From (3.14), we can also derive the differential equation

$$\begin{aligned} u' + i \omega \, g' \, u = f, \end{aligned}$$
(3.16)

where \(u'\) and \(g'\) denote differentiation with respect to t. The problem of computing an oscillatory integral has therefore been converted to that of solving a first-order, linear differential equation on the interval [ab].

Levin-type methods will require the solution of this ODE every time an integral has to be evaluated. Even with high-order convergent ODE solvers, these methods are unlikely to beat generalized Gaussian quadrature methods in terms of floating-point operations (after suitable offline pre-computations). Levin-type methods could be applicable to the parameter range \(.9< \alpha < 1.1\), \(\beta \ne 0\), where modestly sized generalized Gaussian quadratures are not available. For example, if a Chebyshev spectral method is used to solve (3.16), numerical experiments indicate that the condition number of the system can reach \(\sim 10^6\) before the solution u can be fully resolved (requiring \(\sim 1000\) Chebyshev terms) (Driscoll et al. 2014). Therefore, a significant loss of accuracy with spectral methods is likely. Indeed, sometimes only nine significant digits are achieved with this approach. Adaptive step-size ODE solvers or other methods may obtain higher accuracy in solving (3.16), but their efficiency as compared to generalized Gaussian methods has yet to be analyzed.

Fig. 3
figure 3

Regions of validity for generalized Gaussian quadrature rules and series approximations for the evaluation of \(f(x;\alpha ,\beta )\). Asymptotic expansions are used for extreme values of x, and generalized Gaussian quadrature routines are able to fill in large regions of the remaining space. a The symmetric case, \(\beta =0\). b The asymmetric case, \(\beta \ne 0\)

Levin-type methods could also be used for integral representations of the partial derivatives of stable densities, for which no asymptotic expansion is available. However, it is likely to be cheaper to form a Chebyshev interpolant of the density as a function of the parameter, and then differentiate the series (i.e., perform 2D interpolation and spectral differentiation). This will achieve higher accuracy than a finite difference scheme, with a slightly higher computational cost.

4 Algorithm and Numerical examples

In the following, we will describe the details of our algorithm. In particular, we detail which formula or quadrature should be used depending on values of the parameters x, \(\alpha \), \(\beta \). We begin with a comparison of the benefits of the two integral representations given by (2.9) and (2.13).
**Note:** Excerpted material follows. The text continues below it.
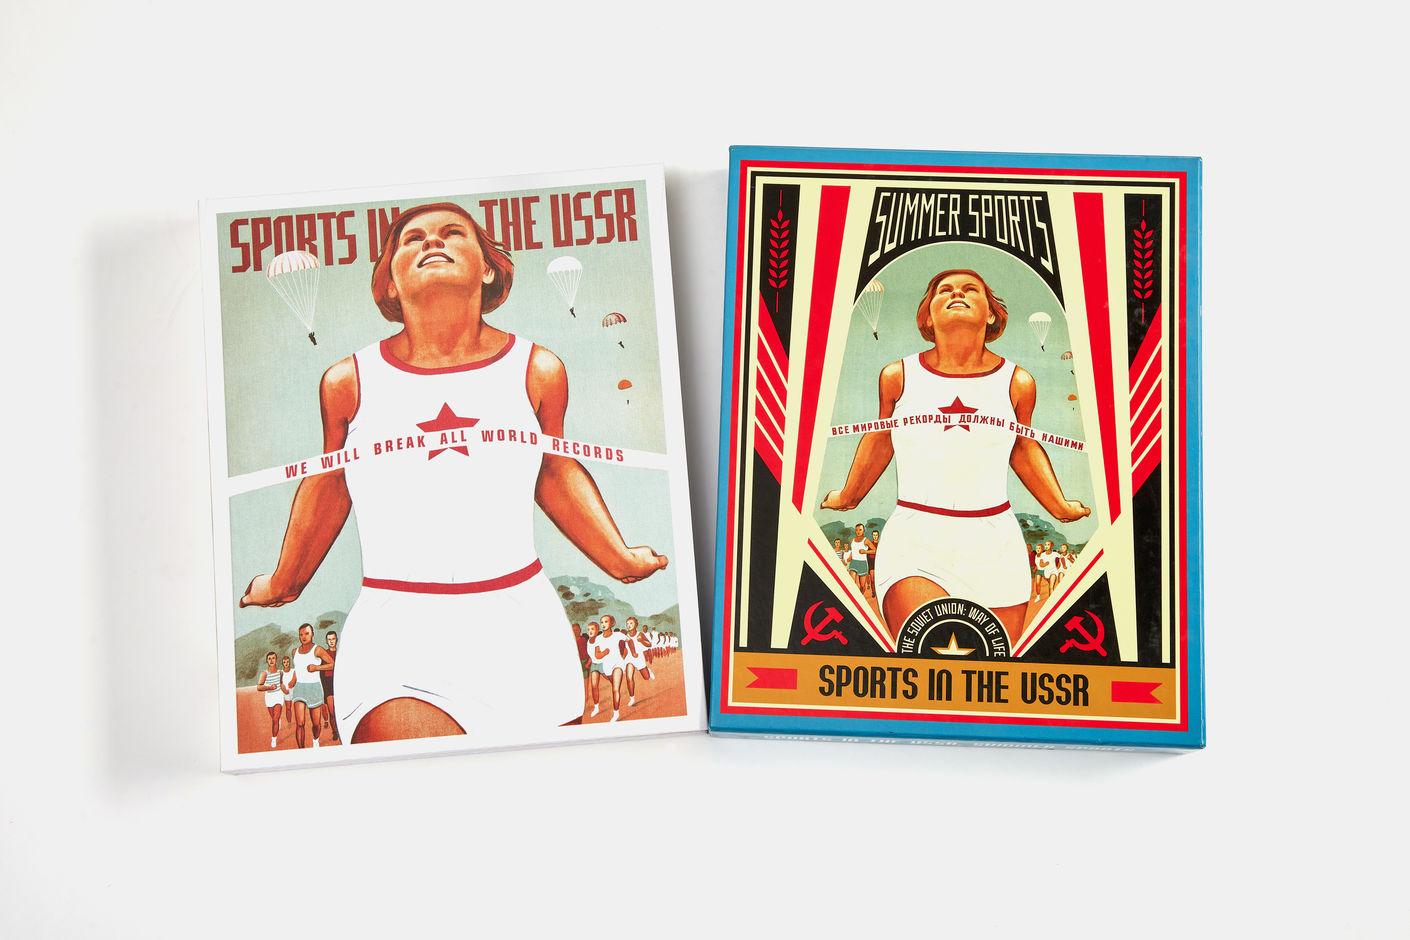 Подарочная книга Спорт в СССР, Агей Томеш

4.1 Choosing an integral representation

It has become clear after several numerical experiments that the stationary phase integral (2.13), while seemingly simpler to evaluate than (2.9), carries several disadvantages. Namely, it cannot be used to reliably evaluate f when \(x \sim \zeta \) (the mode of the distributions in the symmetric case), \(\alpha \sim 1\), or for very large x. Furthermore, its partial derivatives suffer from the same deficiencies and have rather unwieldy forms. Lastly, the rank-reducing technique of Sect. 3.3 is not as effective when applied to (2.13). This results in quadratures of much larger sizes when compared to those for (2.9).

In contrast, (2.9) has only one of the aforementioned deficiencies: It cannot be evaluated efficiently when \(\alpha \sim 1\) in the asymmetric case. Still, it is important to point out that (2.9) can be easily evaluated at \(\alpha \sim 1\) in the symmetric case.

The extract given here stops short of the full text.